The first puzzle has to do with finding the sum of a series of natural numbers. It’s very close to a question that I’ve added to our list of interview questions recently labelled FizzBuzz.

Write a program that prints the numbers from 1 to 100. But for multiples of three print “Fizz” instead of the number and for the multiples of five print “Buzz”. For numbers which are multiples of both three and five print “FizzBuzz”.

If you know how to program, or program on a regular basis the answer to this is quite straight forward and has the following steps.

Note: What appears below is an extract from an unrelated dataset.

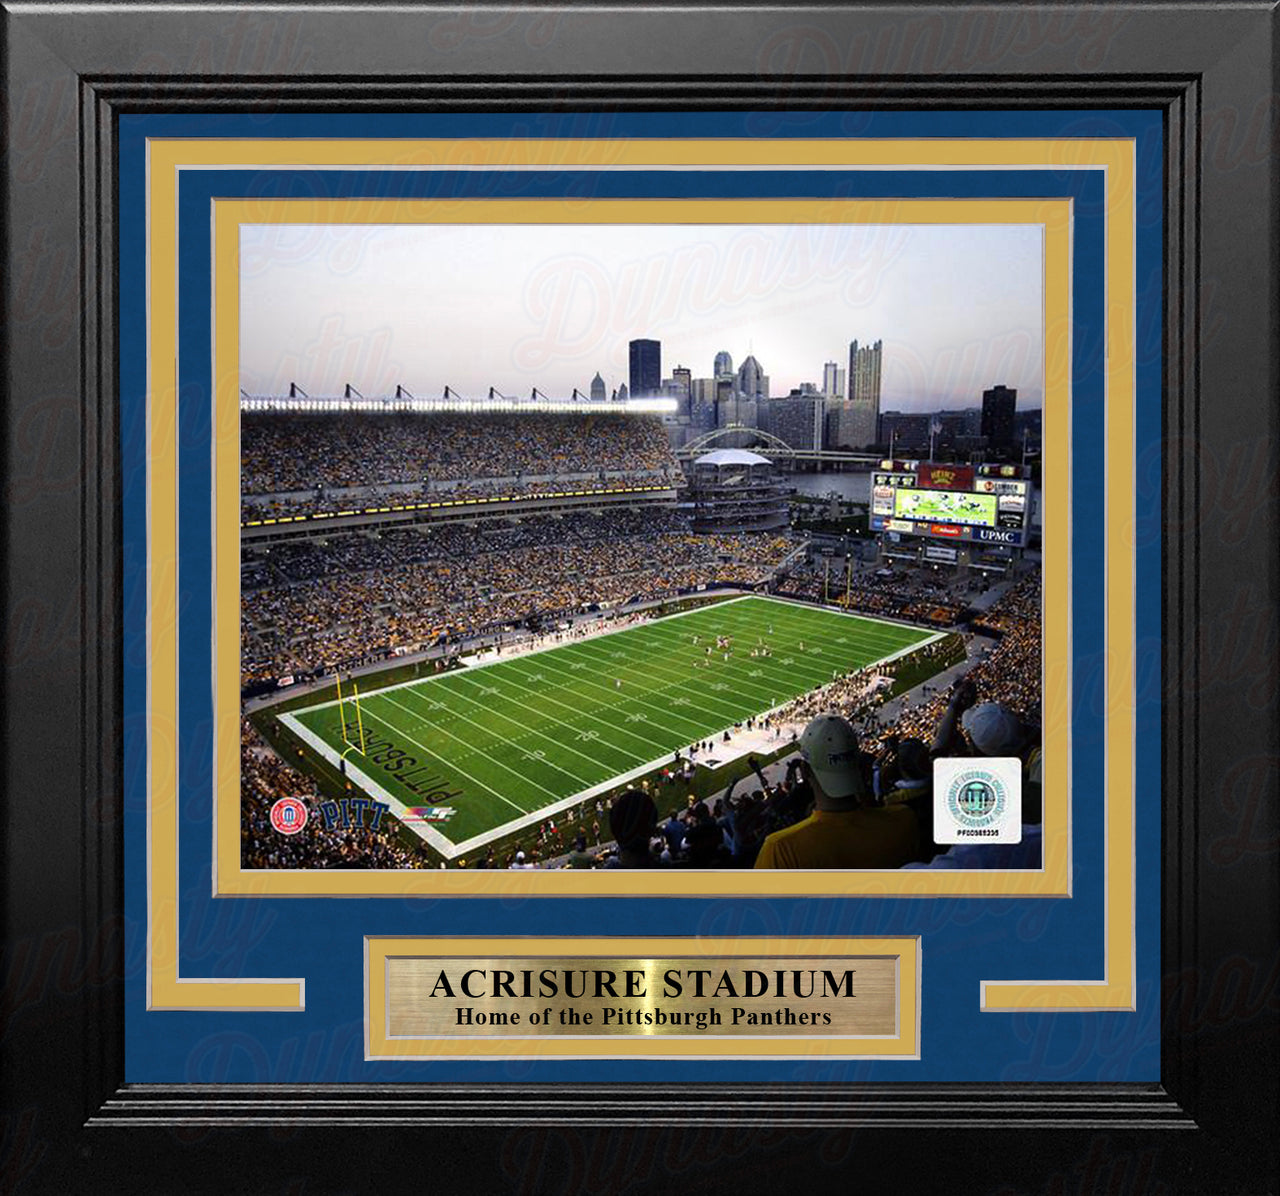 Pittsburgh Panthers Heinz Field 8" x 10" Framed College Football Stadium Photo

  1. For each number, starting at 1 and ending with 100
  2. If the number divided by three has zero remainder output Fizz
    • If the number divided by five ALSO has a zero remainder output Buzz
  3. If the number divided by five has zero remainder output Buzz
  4. Otherwise, output the number

What we can do here, is replace the outputting of Fizz and Buzz with a summation of that number giving us the following, simpler pseudo code or flow.

  1. For each number, starting at 1 and ending with 100
  2. If the number divided by three has zero remainder, add it to the ‘output’.
  3. OR If the number divided by five has zero remainder, add it to the ‘output’.
  4. Otherwise, do nothing.
  5. After we reach 100, print ‘output’

The more important thing about this is that we recognise the OR, a number that has a remainder of zero when divided by both five and three must not be added to the output twice.

The actual Project Euler first question is as follows:

Find the sum of all the multiples of 3 or 5 below 1000.

To solve this with a programming language it is beneficial to know about modulo arithmetic and the modulo operator, but I don’t have time to go in to this at the moment.

In future I hope to go in to other peoples solutions and how optimization is brought into Project Euler.